= Georg Weizsäcker =

German economist

Georg Heinrich von Weizsäcker (born October 10, 1973) is a German economist and currently the Professor for Microeconomic Theory and Applications at the Humboldt University of Berlin. His research interests include microeconomics, experimental economics, financial decision making, game theory and decision theory. In 2017, Weizsäcker's contributions to a better understanding of expectations formation and decisions under uncertainty were awarded the Gossen Prize.

== Biography ==

Georg Weizsäcker earned a diploma in economics from the Humboldt University of Berlin in 1999, followed by a M.A. and a Ph.D. in business economics from Harvard University in 2004. After his graduation, Weizsäcker worked first as a lecturer, reader and later professor at the London School of Economics (2004–10) and University College London (2010–13). Since 2012, he has worked as professor at Humbold University. In Berlin, he is also engaged in the Graduate Center of the DIW Berlin, whose dean he has been since 2017. In terms of professional service, Weizsäcker performs editorial duties for the journal Games and Economic Behavior and Experimental Economics and has done so for the Review of Economic Studies, Economic Journal and Management Science in the past.

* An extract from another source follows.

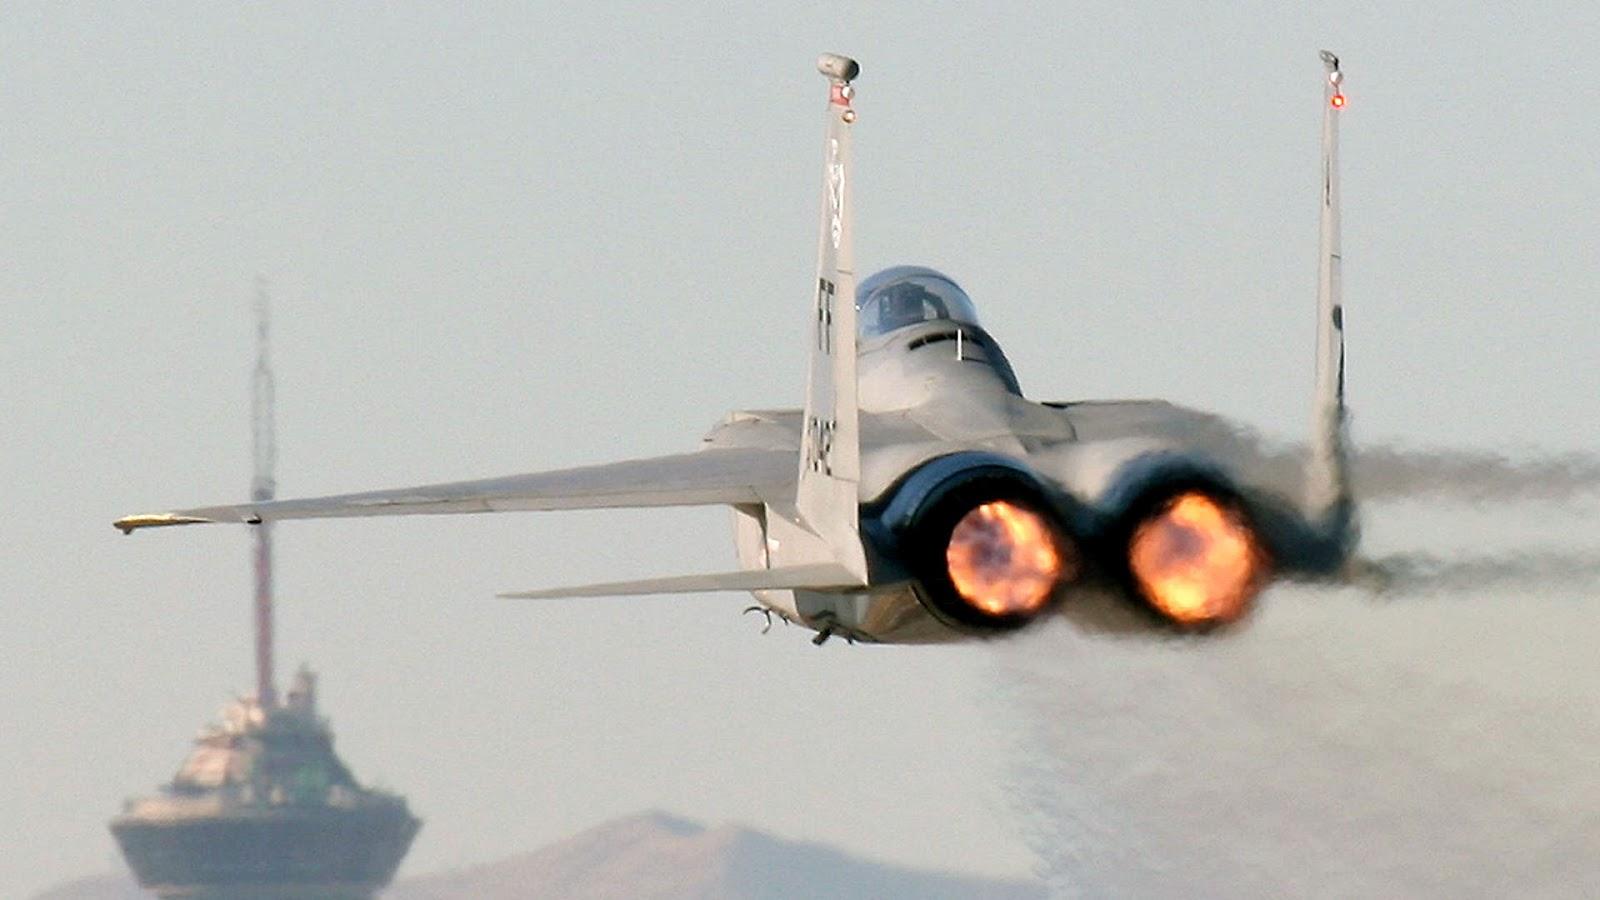 HD WALLPAPER: Aircraft HD Wallpapers,images

Georg Weizsäcker's partner is fellow economist Dorothea Kübler, with whom he has two children.

== Research ==

Georg Weizsäcker's research focuses on behavioral and experimental economics. Among the key findings of his research are that
- Private information on signals fails to cascade among individuals due to the limited depths of individuals' chains of reasoning (with Dorothea Kübler).
- Individuals' actions in normal-form games systematically diverge from their stated beliefs, which reveal greater strategic depth (with Miguel Costa-Gomes).
- In an experiment, 89% of individuals are found to evaluate decisions separately instead of jointly ("narrow bracketing"), in line with preferences predicted by prospect theory (with Matthew Rabin).
- In social learning games, players are found not to follow others in the majority of cases when doing so would be optimal but contradicts the information given to the players.
- In two-person normal-form games, players choose actions consistent with significant underestimations of their opponents' rationality.